Reverend Sherrie James joins The Malliard Report for a grounded conversation about faith, intuition, and what real service looks like when people reach out for help. Instead of chasing spectacle, Sherrie focuses on discernment—how to tell the difference between projection and genuine experience—and the ethics that keep everyone safe: consent, clear boundaries, and the willingness to say “I don’t know.”
We talk through how language shapes outcomes. Words can soothe or inflame; Sherrie shares phrases that reduce fear and keep families engaged in practical steps. From simple rituals and prayer to routine changes and documentation, she outlines a low-drama approach to stabilizing a home before anyone labels it haunted. The theme repeats: people first, phenomena second.
Respectful skepticism is welcome here. Sherrie explains how including skeptics and mental-health perspectives often leads to better outcomes. She also offers a self-care blueprint for helpers: journaling, sleep, supervision, and knowing when to pause. Listeners who value spirituality without sensationalism will feel right at home.
If you’ve been looking for a conversation that treats both faith and the unexplained with maturity, this is it—human, evidence-minded, and deeply practical.
00:00 – Opening & framing
Why Sherrie’s approach resonates with skeptical, curious listeners; setting an evidence-minded, human tone.
05:00 – Sherrie’s path to ministry
Early experiences, study, and the decision to work where faith meets the unexplained.
10:00 – Discernment vs. assumption
How she separates intuition from projection; practical checks that keep experiences honest.
15:00 – Serving people first
What pastoral care looks like when someone reports activity; listening before labeling.
20:00 – Language that helps (and harms)
Choosing words that reduce fear, avoid stigma, and keep doors open for conversation.

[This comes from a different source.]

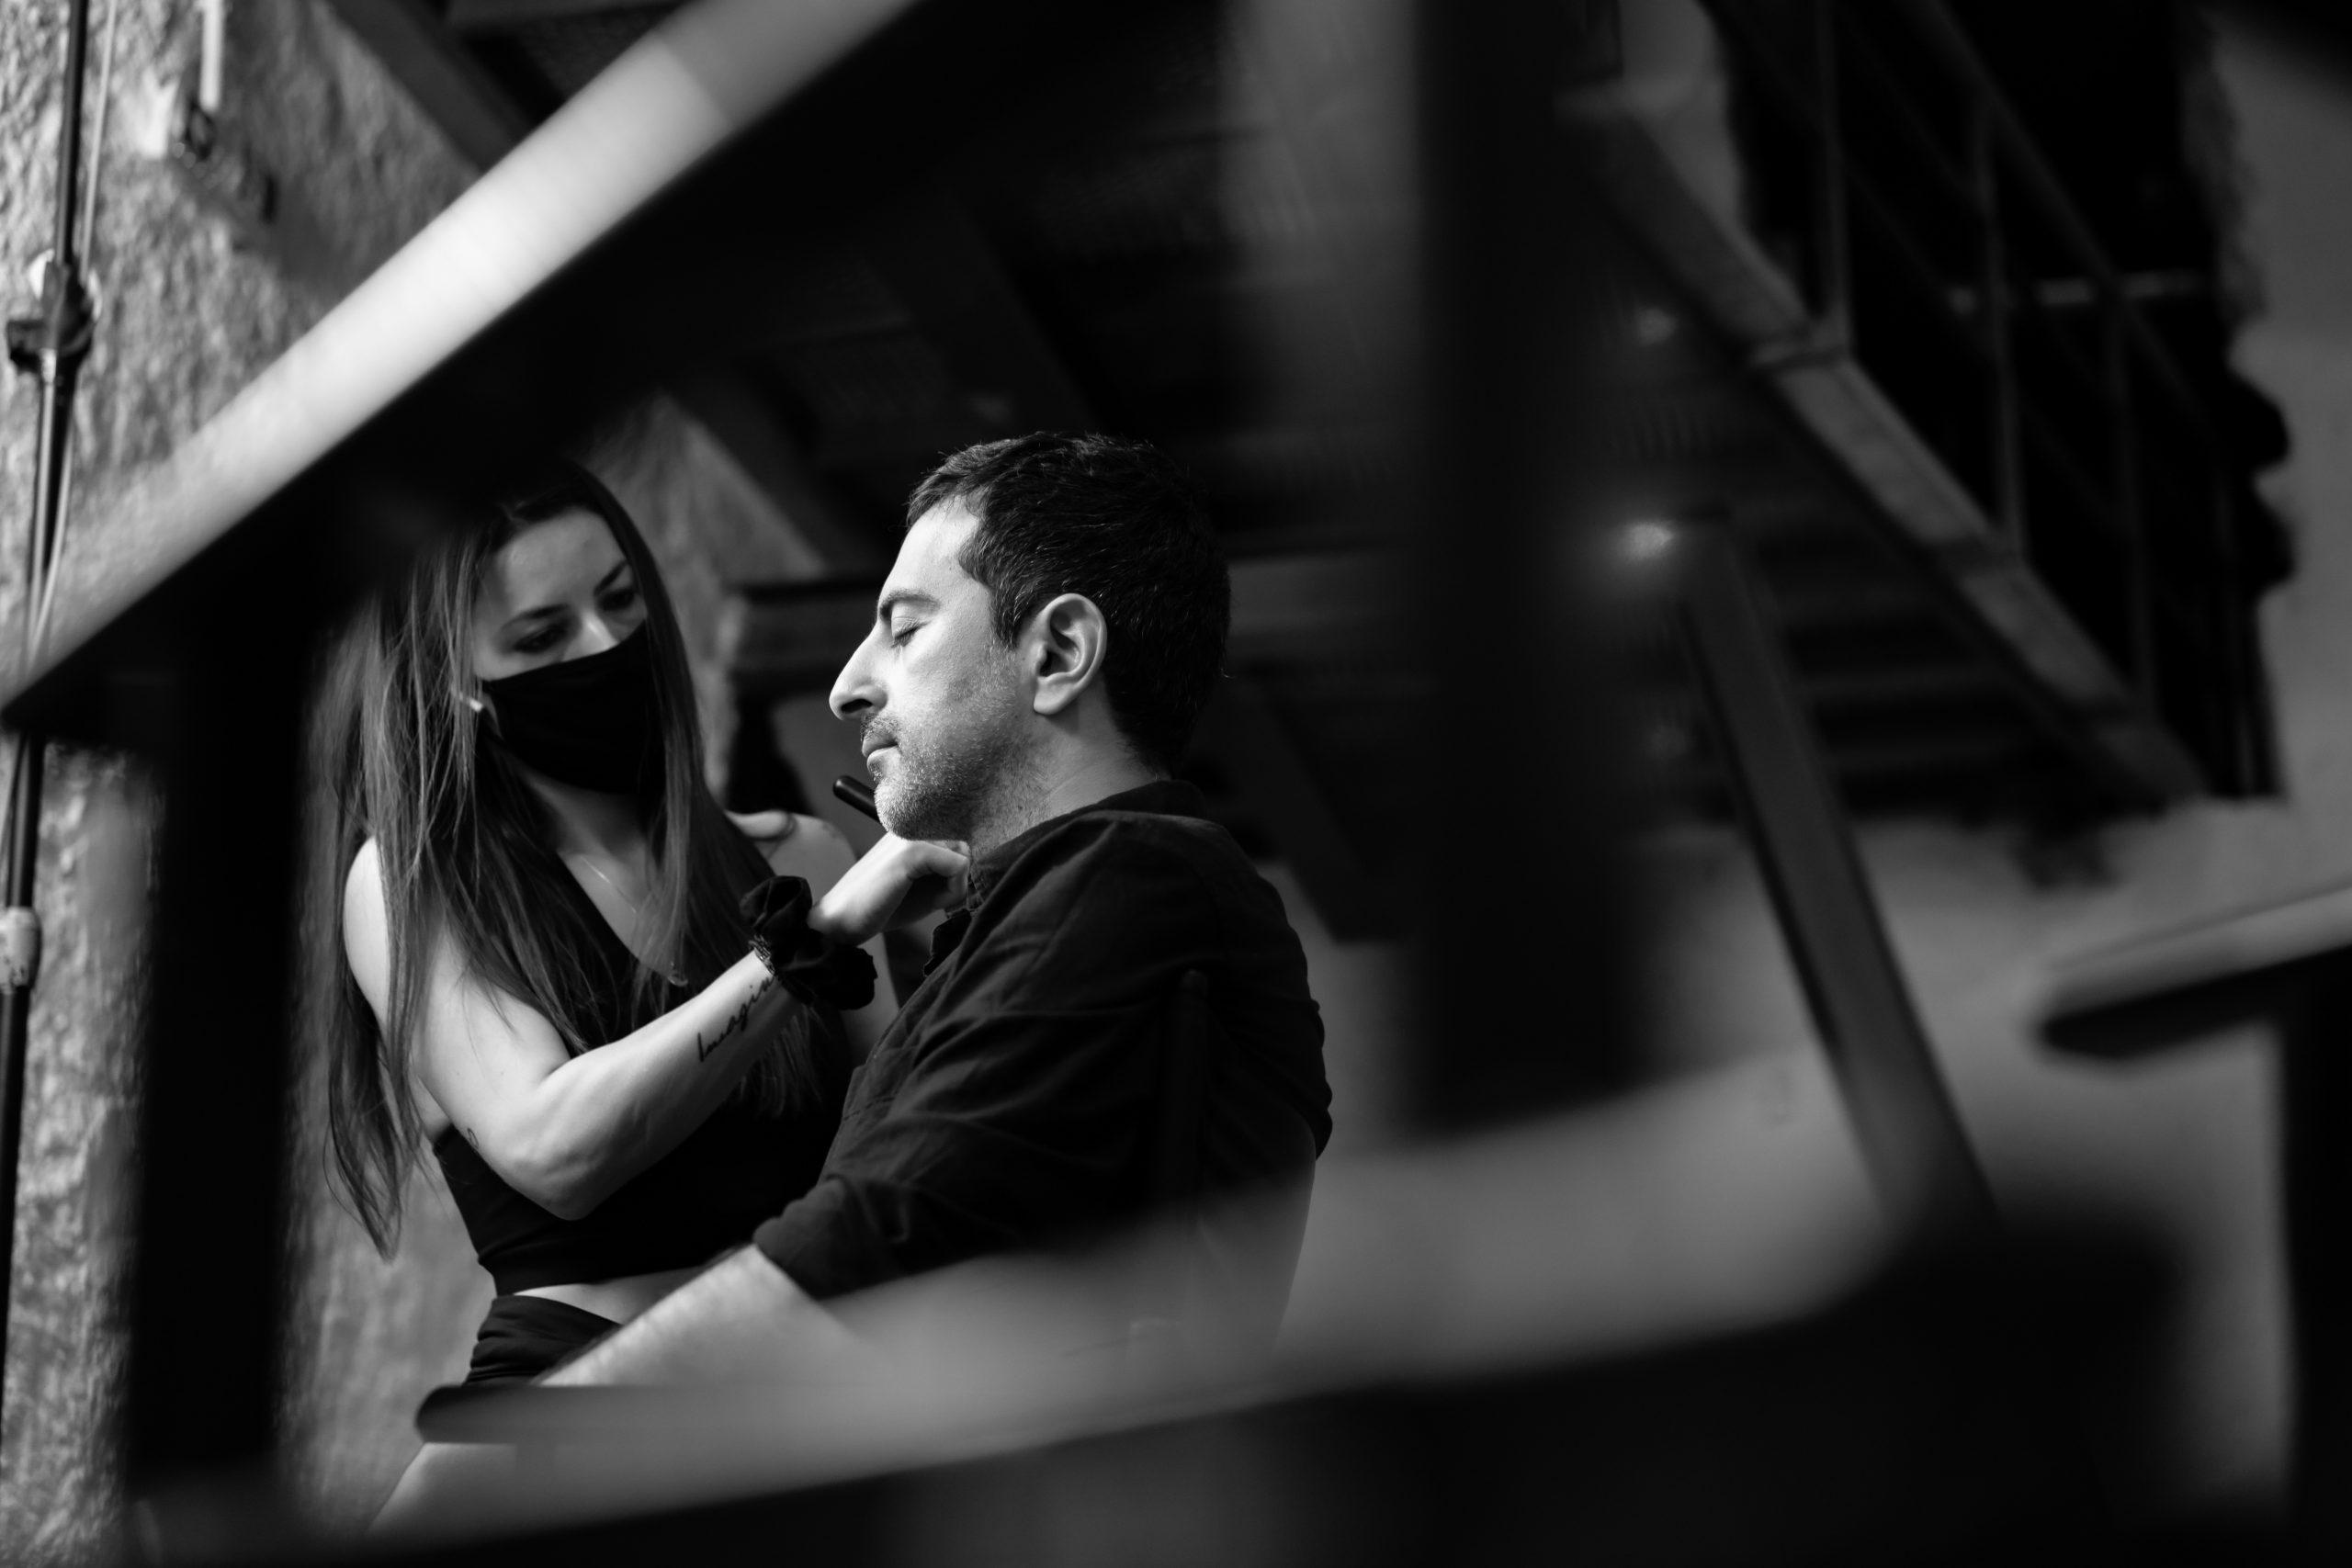 Σημείο Συνάντησης: Ευριδίκη & Κουδουνάρης - Αποκλειστικές φωτογραφίες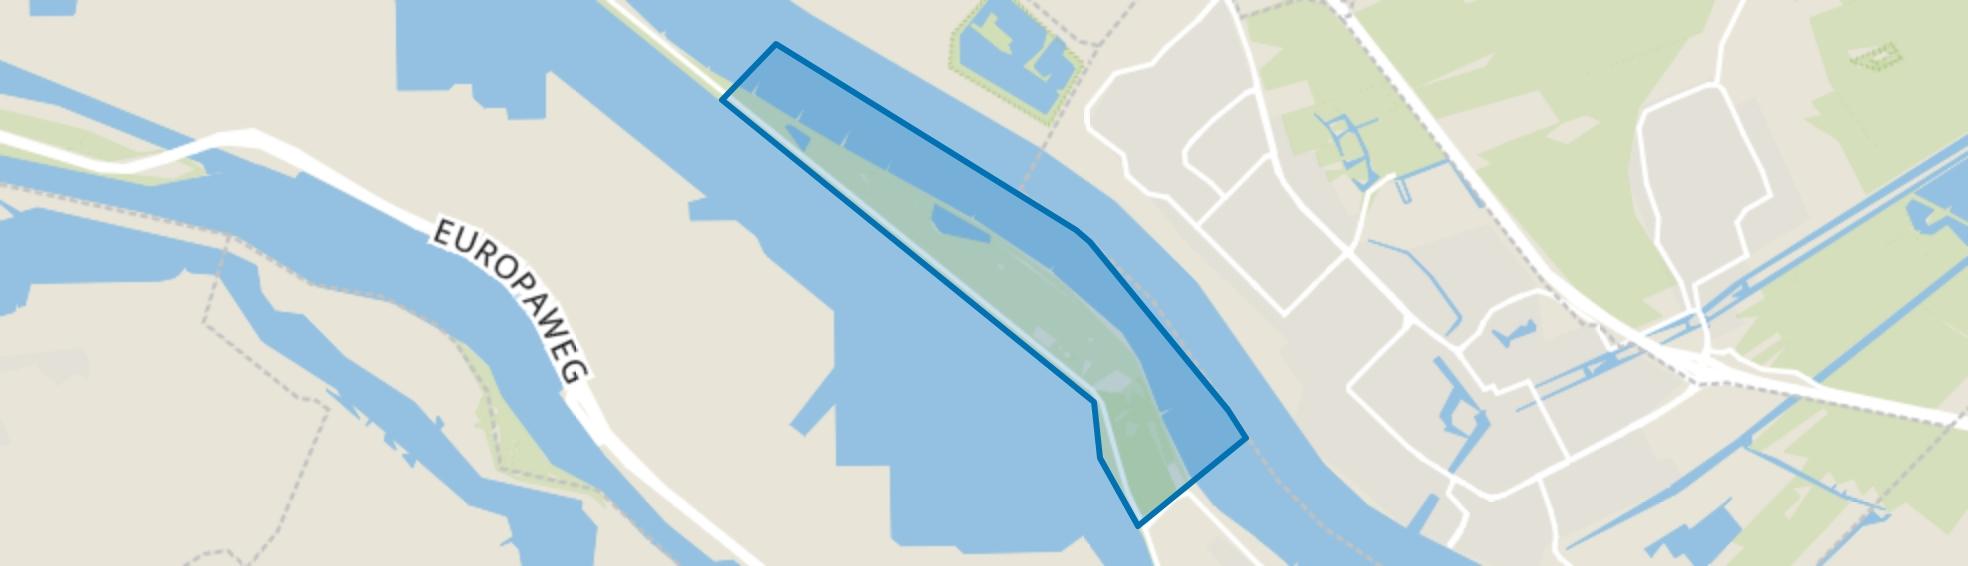 Noordzeeweg, Rozenburg (ZH) map

25:00 – Boundaries & ethics
When to say “I don’t know,” when to refer out, and why consent matters in spiritual work.
30:00 – Rituals, prayer, and protection
Simple, non-theatrical practices that calm a home and reset a family’s routine.
35:00 – Skeptics at the table
Why respectful skepticism strengthens—not weakens—genuine spiritual encounters.
40:00 – Stories with takeaways
Moments that taught her to slow down, verify, and avoid chasing the “perfect” sign.
45:00 – Community over celebrity
Why quiet, local work beats spectacle; avoiding the trap of performative “help.”
50:00 – Building personal resilience
Self-care for helpers: sleep, journaling, supervision, and knowing your limits.
55:00 – Closing counsel
A starter framework for families: observe, document, normalize routines, and seek balanced help.
Pull Quotes
“Discernment starts where certainty ends—right at ‘I don’t know.’”
“If our words raise fear, we’re not helping—we’re rehearsing a script.”
“Consent and boundaries are spiritual practices, too.”
“People first, phenomena second. That order changes everything.”
“Skepticism isn’t the enemy of faith; it’s a guardrail.”